An investment banker looks to build a sustainable model for alleviating poverty in a Middle East village.
Lola Grace
Lola N. Grace

After a successful career as an investment banker, Lola Nashashibi Grace decided it was time to use her business skills to help Palestinian children and women.

Grace chose the West Bank village of Beit Rima for her pilot program, which began in 2007 as an afterschool program for girls. A boys' program followed. Today, the Middle East Children's Institute provides meals, arts, tutoring, athletics, and health care for 750 kids, or 90% of the children who live in the village.

As a result, anemia, once widespread, has been eradicated. Tutoring has led to improved academic performance. Arts and crafts and sports provide the children outlets they never had before in the impoverished West Bank where the conflict with Israel looms large.

Speaking to Stanford GSB students on a visit to campus in February, Grace stressed the value of thinking holistically when trying to address the problems of communities plagued by violence and poverty. For Grace, that meant empowering women, many of whom never worked outside the home. Today, the institute is staffed by 150 local women, many of whose children attend the program.

"I remember having meetings with [these women] and they couldn't even look up," Grace said. But during a trip last December, "these same women were asking me for raises."

What sets Grace's program apart from the multitude of other donor-based charitable endeavors is both its comprehensiveness and the way she applies her business acumen to philanthropy.

"If I hadn't had the project management skills I developed as an investment banker, I really don't think I could have done this," Grace told the business students. Being able to do "action plans and hold people accountable has been really helpful."
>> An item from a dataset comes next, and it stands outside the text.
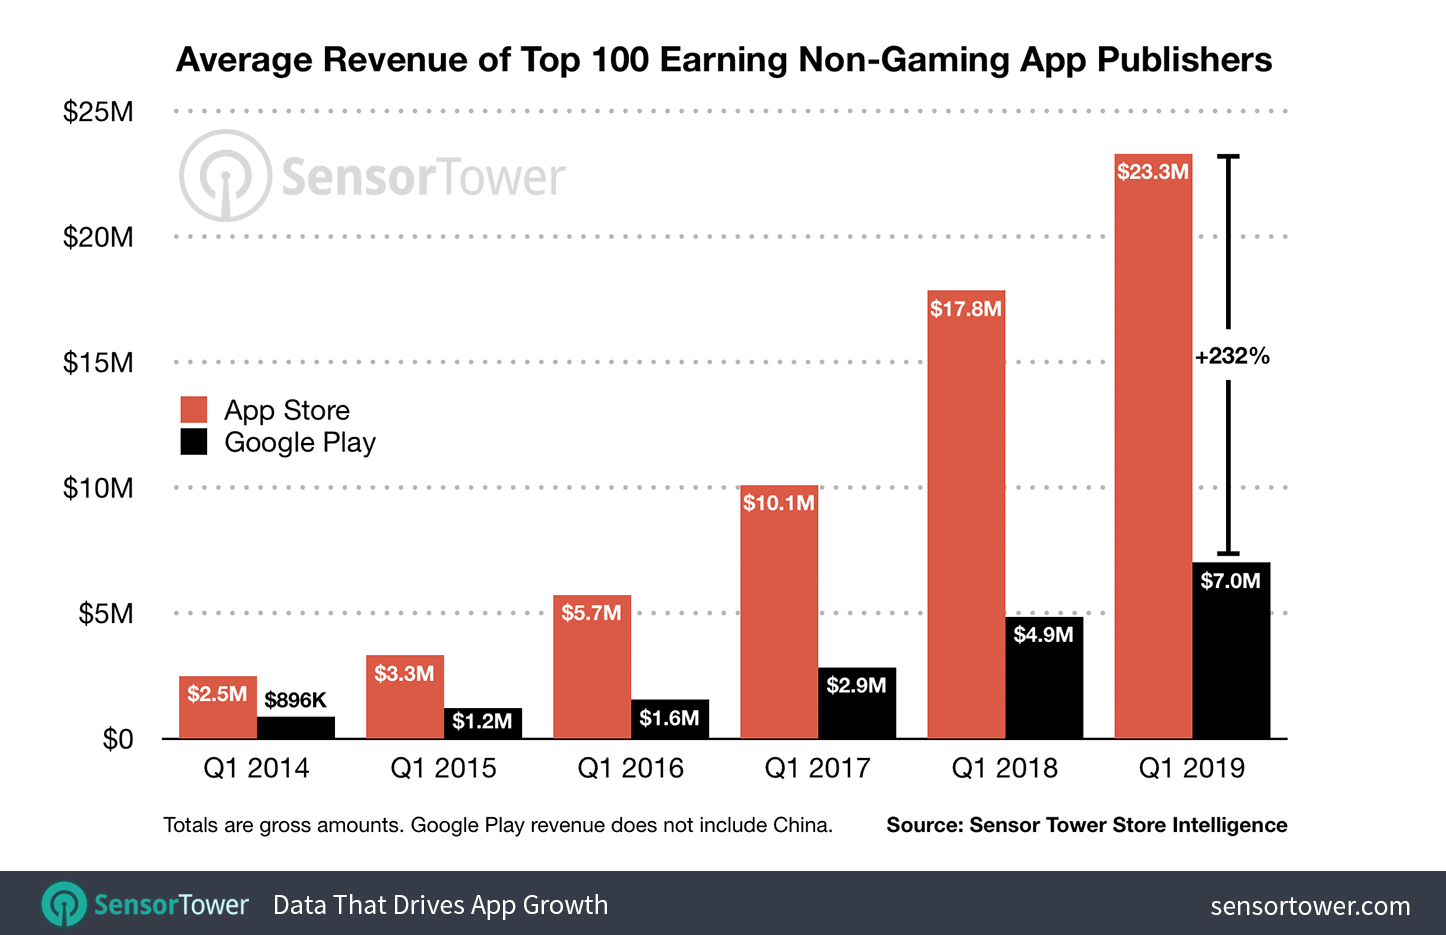 Revenue from top 100 non-gaming apps on iOS and Android - The Apple App Store continues to outperform the Google Play Store

The daughter of a Jerusalem-born Palestinian, Grace grew up in Latin America. She later moved to the United States, where she worked as an investment banker for both Morgan Stanley and First Boston and then as managing director of Sterling Grace Capital Management in New York after receiving a bachelor's degree in economics in 1979 and a master's degree in business and food research in 1983, all from Stanford. Today, Grace runs the Middle East Children's Institute and a related foundation from her home in Geneva.

A little over a decade ago, Grace commissioned a study to assess the state of Palestinian children in the West Bank. At the end of the study, it was "pretty obvious the problems were extremely widespread," she told students who attended a talk she gave at Stanford GSB on Feb 16.
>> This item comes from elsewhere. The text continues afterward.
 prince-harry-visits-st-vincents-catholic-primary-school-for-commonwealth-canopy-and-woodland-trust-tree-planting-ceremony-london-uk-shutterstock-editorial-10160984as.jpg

"No one was taking a holistic approach," she added.

Grace recalled the skepticism she faced when she set out to launch the program in the politically fraught West Bank. Many people told her that, with Israeli restrictions over the territory, it would not be possible. Her program, people warned, would be deemed political, not humanitarian, a charge she rejects.

The current program is a model that Grace hopes can be replicated elsewhere in the West Bank and perhaps in other places. She has received requests to build the program in Africa and Latin America.

But first she wants to perfect the model: With all its success, the Beit Rima program still cannot survive without donations — Grace herself has contributed $1 million.

She's hunting for a way for the community to earn enough money to cover the annual budget of $300,000. To that end, she is looking to hire a Stanford MBA student this summer to travel to Beit Rima and "conduct a feasibility study for a social enterprise."

Helping children remain healthy, engaged, and happy, she says, "is the way to keep peace alive."